Desde pequeña, Laura Ramió Lluch siempre tuvo un espíritu inquieto. Creció en Girona, entre peleas en el colegio público y escapadas a la granja de su abuelo, donde aprendió el amor por los animales y descubrió el valor de la fe. Fue en la adolescencia cuando, sin darse cuenta al principio, se vio envuelta en un ambiente de formación cristiana en el Club Rocabruna. "Yo estaba allí como en una familia, a mis anchas", recuerda.
El descubrimiento del Opus Dei no fue un impacto repentino, sino una revelación natural. Para ella, era un espacio de crecimiento, una continuidad de los valores que su abuelo le había transmitido antes de fallecer. A los 18 años, cuando decidió hacerse numeraria, llegó el momento difícil: contarle a su familia. "Mi madre se enfadó mucho, mucho, mucho", dice con énfasis. La relación con ella se volvió tensa, al punto de que durante años dejó de hablarle.
"Yo hago las cosas porque yo quiero"
Laura siguió adelante, convencida de que su vocación no era una imposición externa, sino una decisión propia. "Si ser del Opus Dei es algo muy bueno, ¿por qué os enfadáis tanto?", se preguntaba. Con el tiempo, su madre empezó a darse cuenta de que su hija era feliz. En los viajes a congresos, madre e hija compartieron momentos clave que suavizaron las tensiones. "Mamá, es que a mí no me controla nadie", le decía cuando ella insistía en que no fuera a misa durante un viaje.

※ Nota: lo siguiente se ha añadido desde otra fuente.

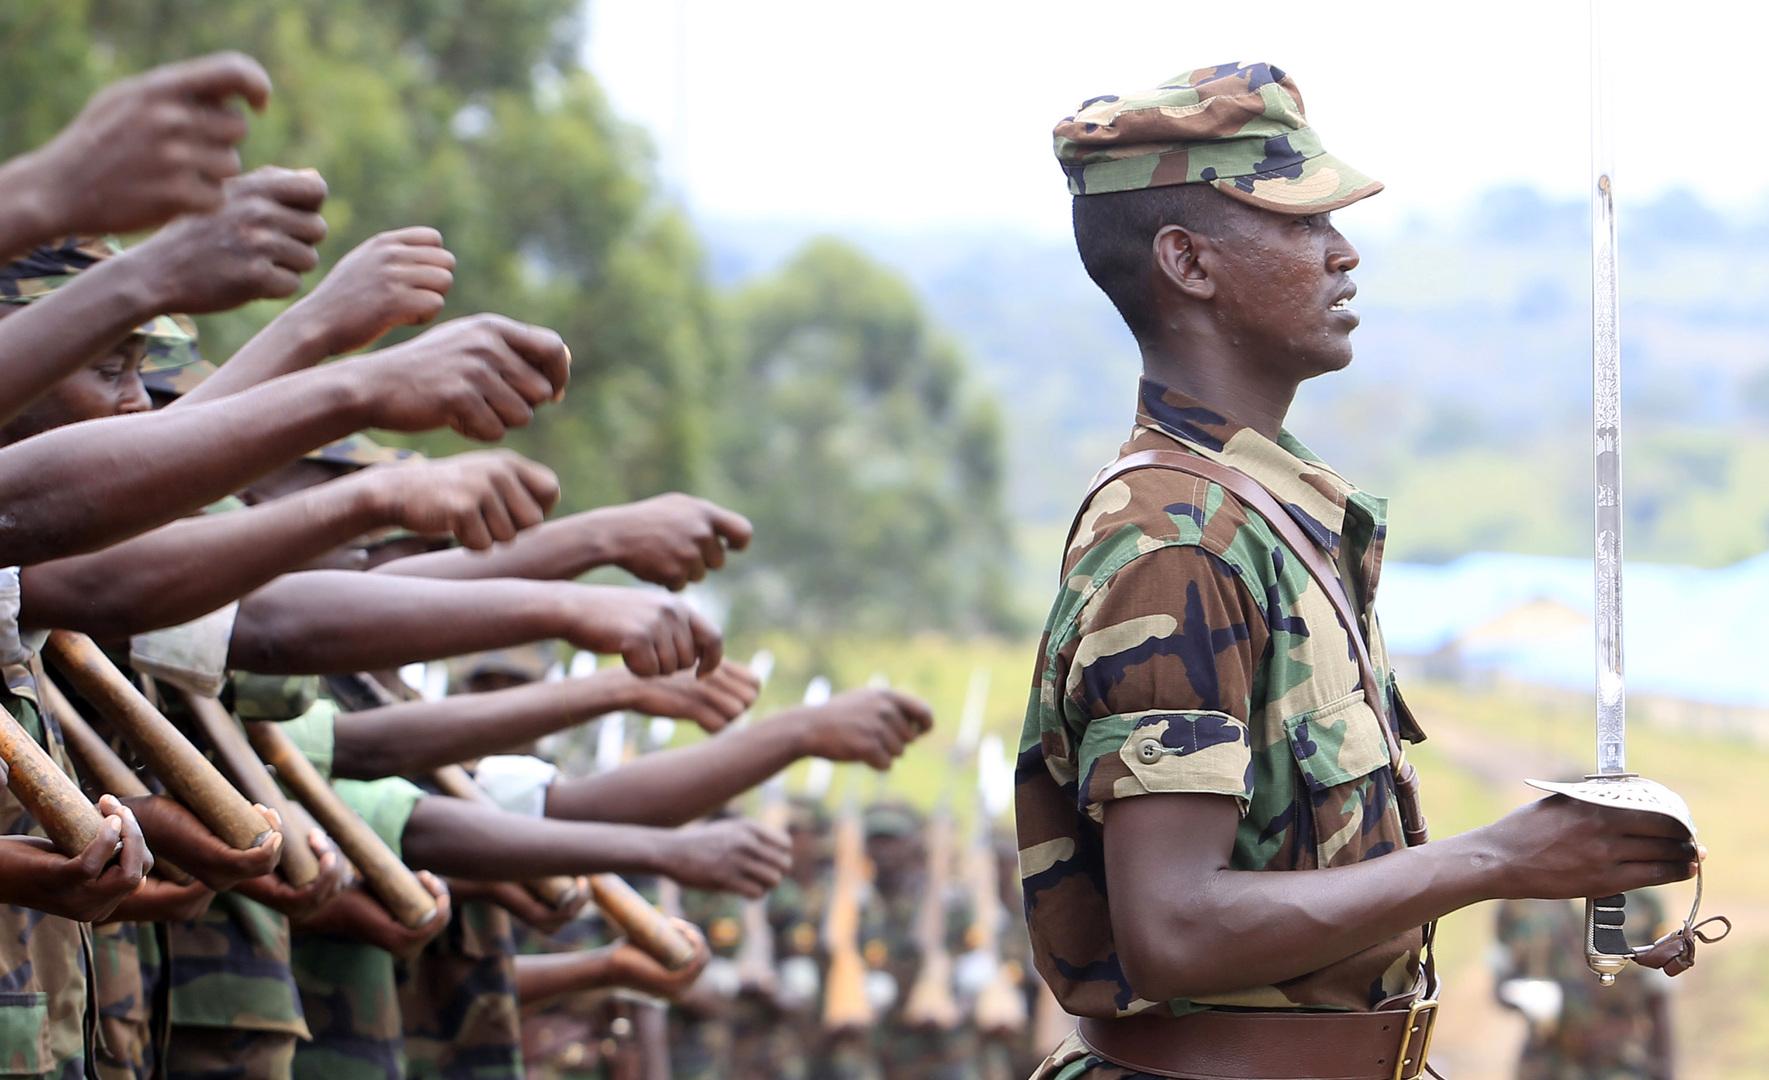 مرشح رئاسي صومالي يصف إرسال قوات صومالية للقتال في تيغراي بأنه

Cuando tuvo la oportunidad de hacer una estancia en el prestigioso Roslin Institute de Edimburgo, su familia temió que el Opus Dei no le permitiera ir por no haber un centro cercano. Pero Laura, con su determinación intacta, lo dejó claro: "¿Qué significa que no me dejarán ir?". Se mudó a Escocia, vivió su fe a su manera y demostró que su vocación no era una carga, sino una elección.
Hoy, la relación con su familia es más fuerte que nunca. Con sus sobrinos, con su hermana amante de los caballos y con su madre, quien finalmente entendió que Laura no vive bajo órdenes externas, sino con la libertad de quien ha encontrado su propio camino.